Francis Jammes est un poète né le 2 décembre 1868 à Tournay ( Hautes-Pyrénées), et mort  le 1er novembre 1938 à  Hasparren (Basses-Pyrénées, auj. Pyrénées-Atlantiques). En refusant les grands mots et les grandes formes, il a offert une voix à la modestie, aux choses simples et à la spiritualité intime. Longtemps considéré comme un poète mineur ou trop régionaliste par certaines avant-gardes du milieu du XXe siècle, il a fait l'objet d'une relecture critique plus favorable dans les décennies suivantes. Aujourd'hui, il est reconnu comme une figure essentielle de la poésie française de la fin du XIXe et du début du XXe siècle.

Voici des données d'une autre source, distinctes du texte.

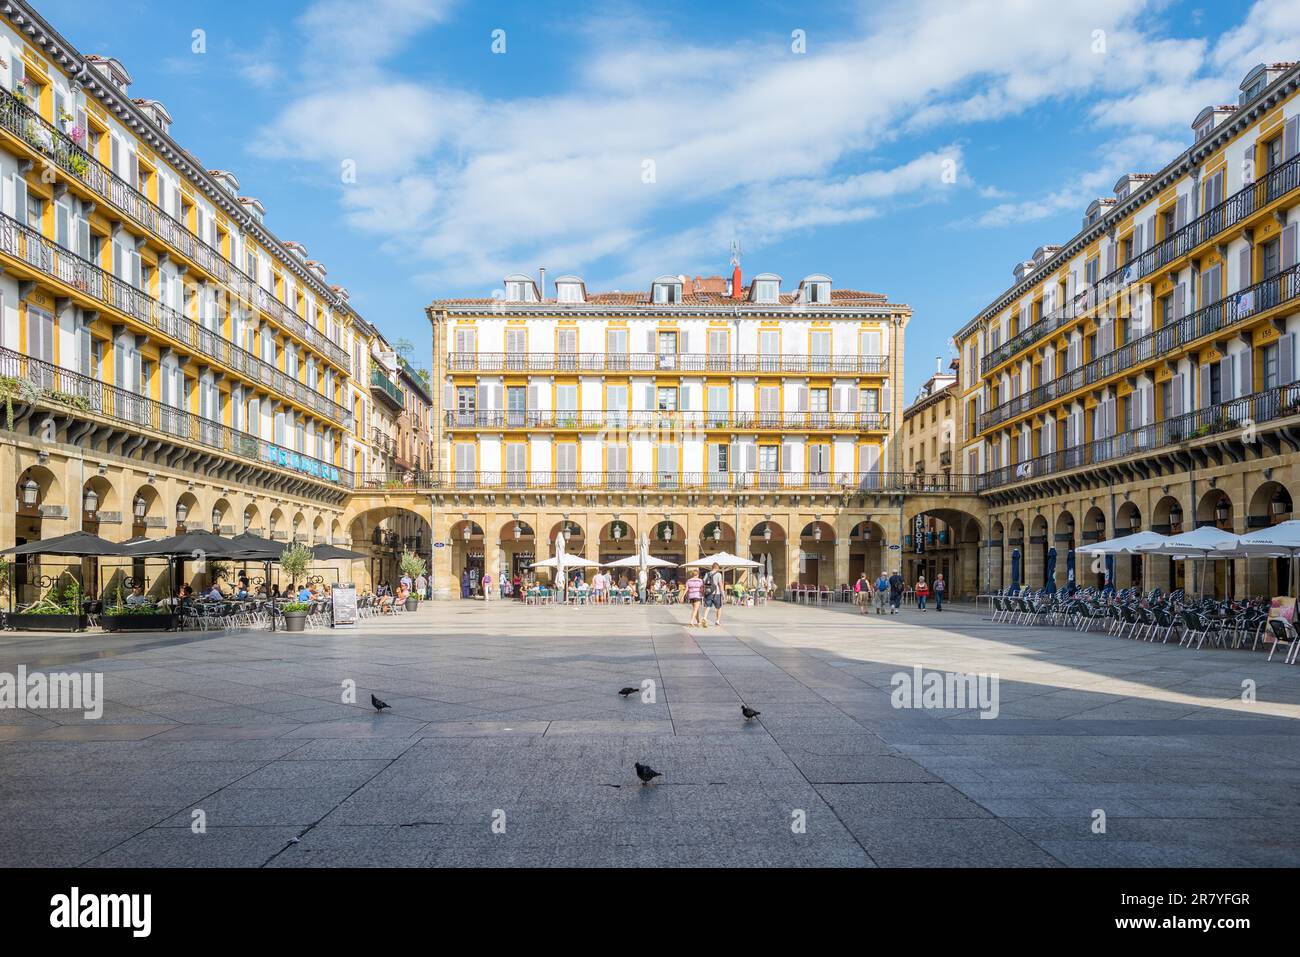 Historical buildings around the Constitution square in Donostia, The square, Spanish, Plaza de la Constitution is also a former bullfight ring Stock Photo

Il grandit au sein d'une famille aux origines métissées, son père étant béarnais et sa mère d'origine créole de l'île Maurice. Cette double influence marquera son imaginaire, entre la rudesse des Pyrénées et l'exotisme lointain évoqué par sa mère. La famille s'installe rapidement à Pau, où le jeune Francis passe son enfance et son adolescence. Il se révèle être un élève médiocre, peu attiré par les disciplines scolaires traditionnelles, mais manifestant très tôt une sensibilité aiguë pour la nature et les mots. C'est durant ces années de formation qu'il commence à écrire ses premiers vers, nourris par les paysages du Béarn qu'il ne cessera jamais de célébrer.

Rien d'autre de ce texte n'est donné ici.